• Task statement: After locating the line that contains "best gynecomastia results", transcribe exactly that line and each one after it until the data ends, skipping pictures.

*** Opening Information shown ***

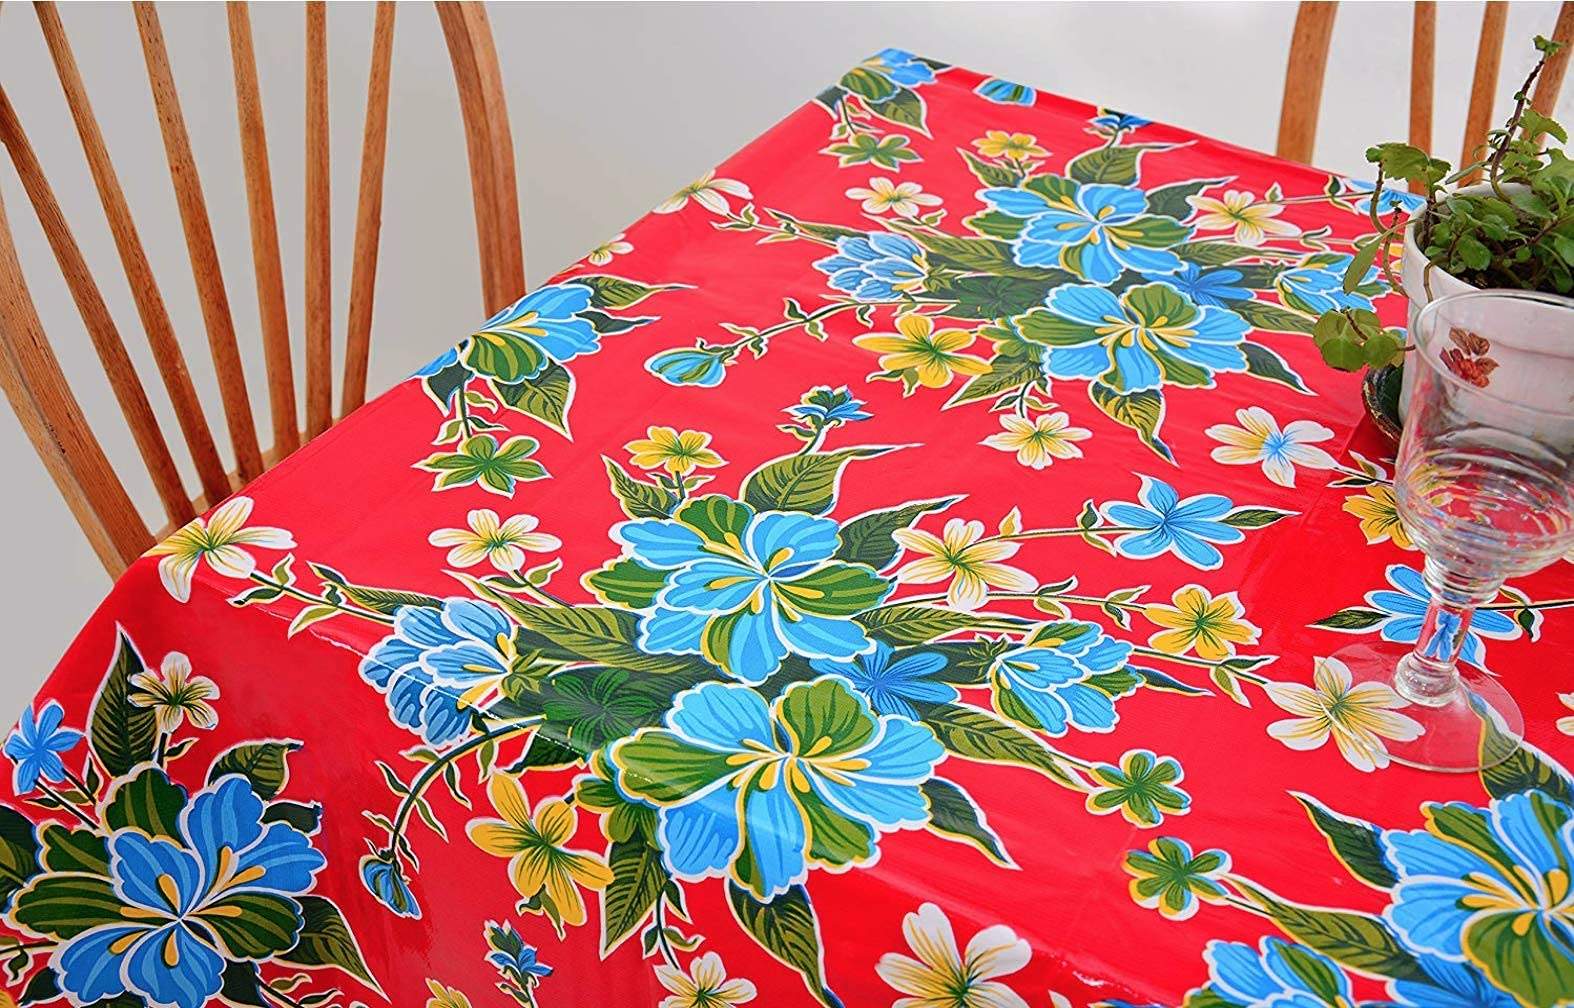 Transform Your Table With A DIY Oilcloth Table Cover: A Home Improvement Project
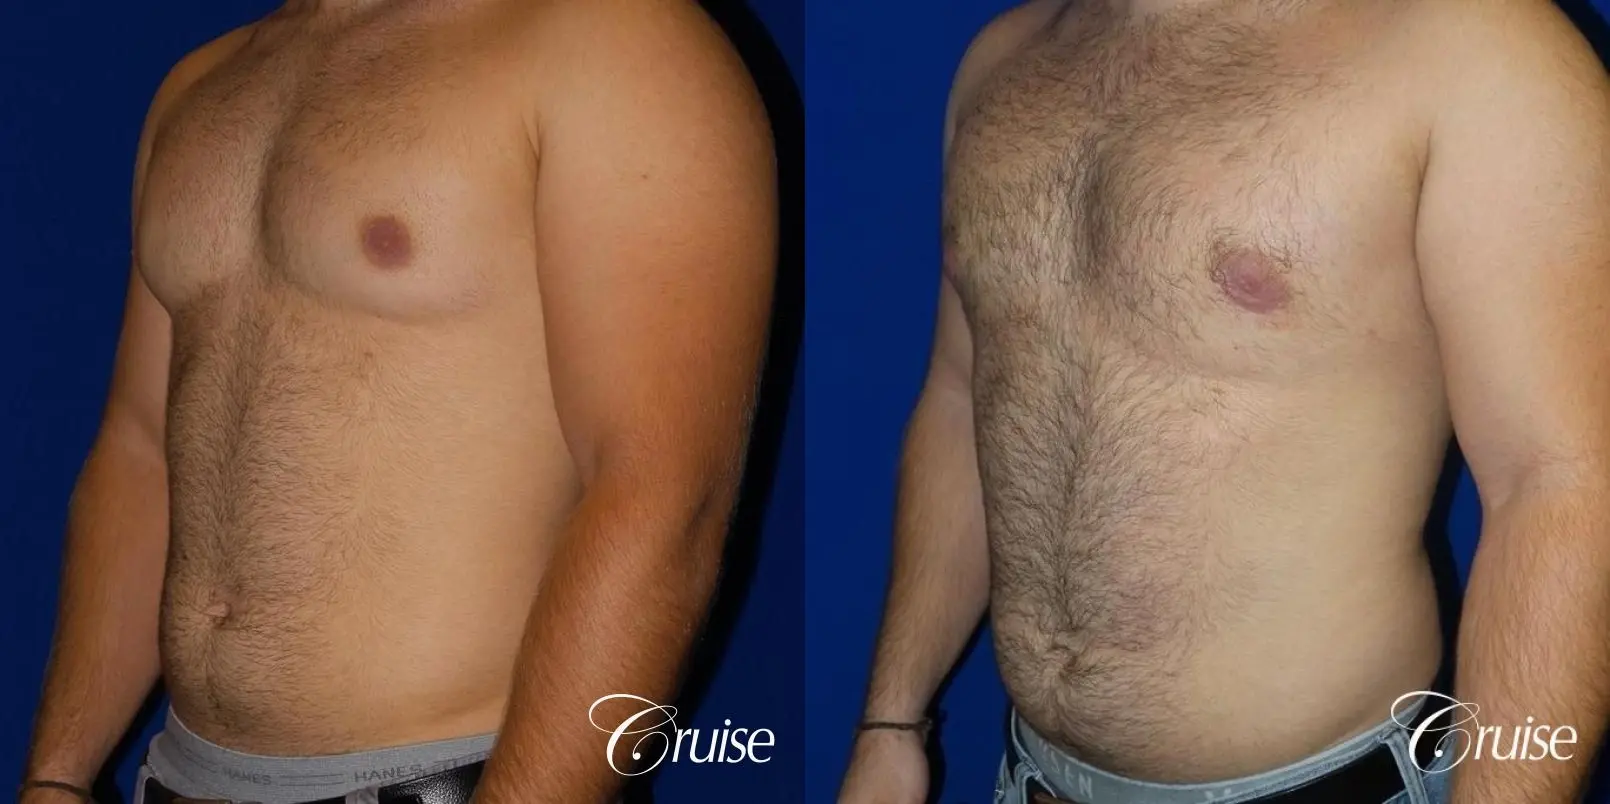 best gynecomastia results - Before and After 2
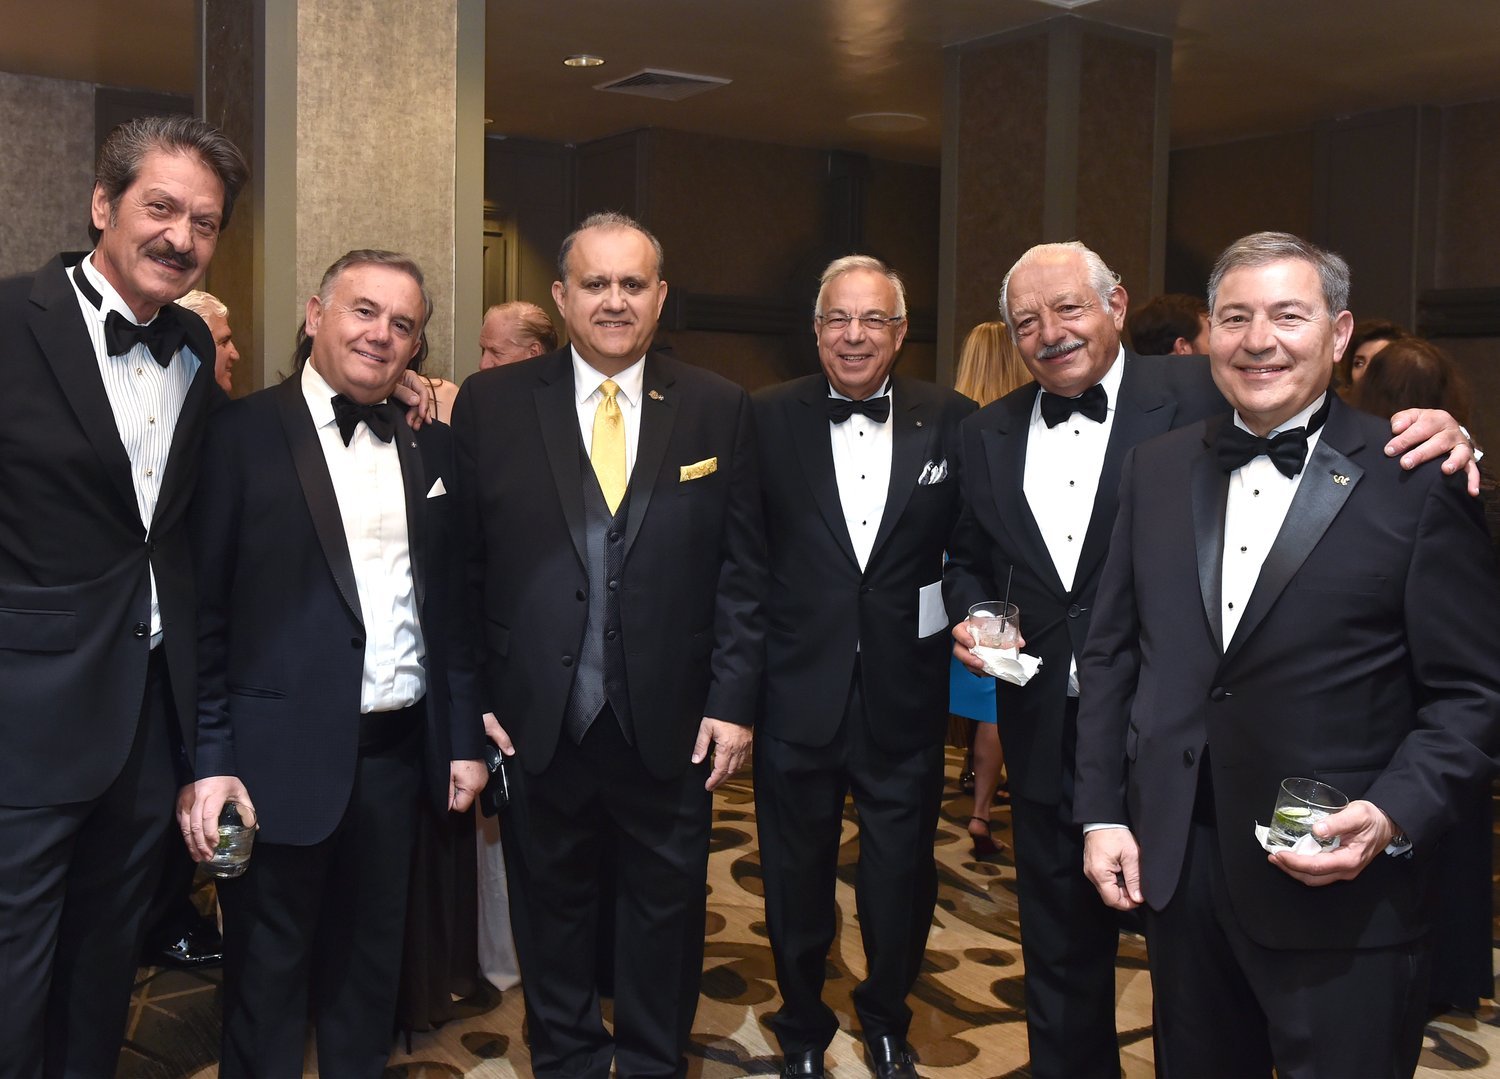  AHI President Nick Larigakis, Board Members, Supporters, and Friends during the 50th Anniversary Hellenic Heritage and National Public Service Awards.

*** Closing Information shown ***

• Task output:
 best gynecomastia results - Before and After 2
  AHI President Nick Larigakis, Board Members, Supporters, and Friends during the 50th Anniversary Hellenic Heritage and National Public Service Awards.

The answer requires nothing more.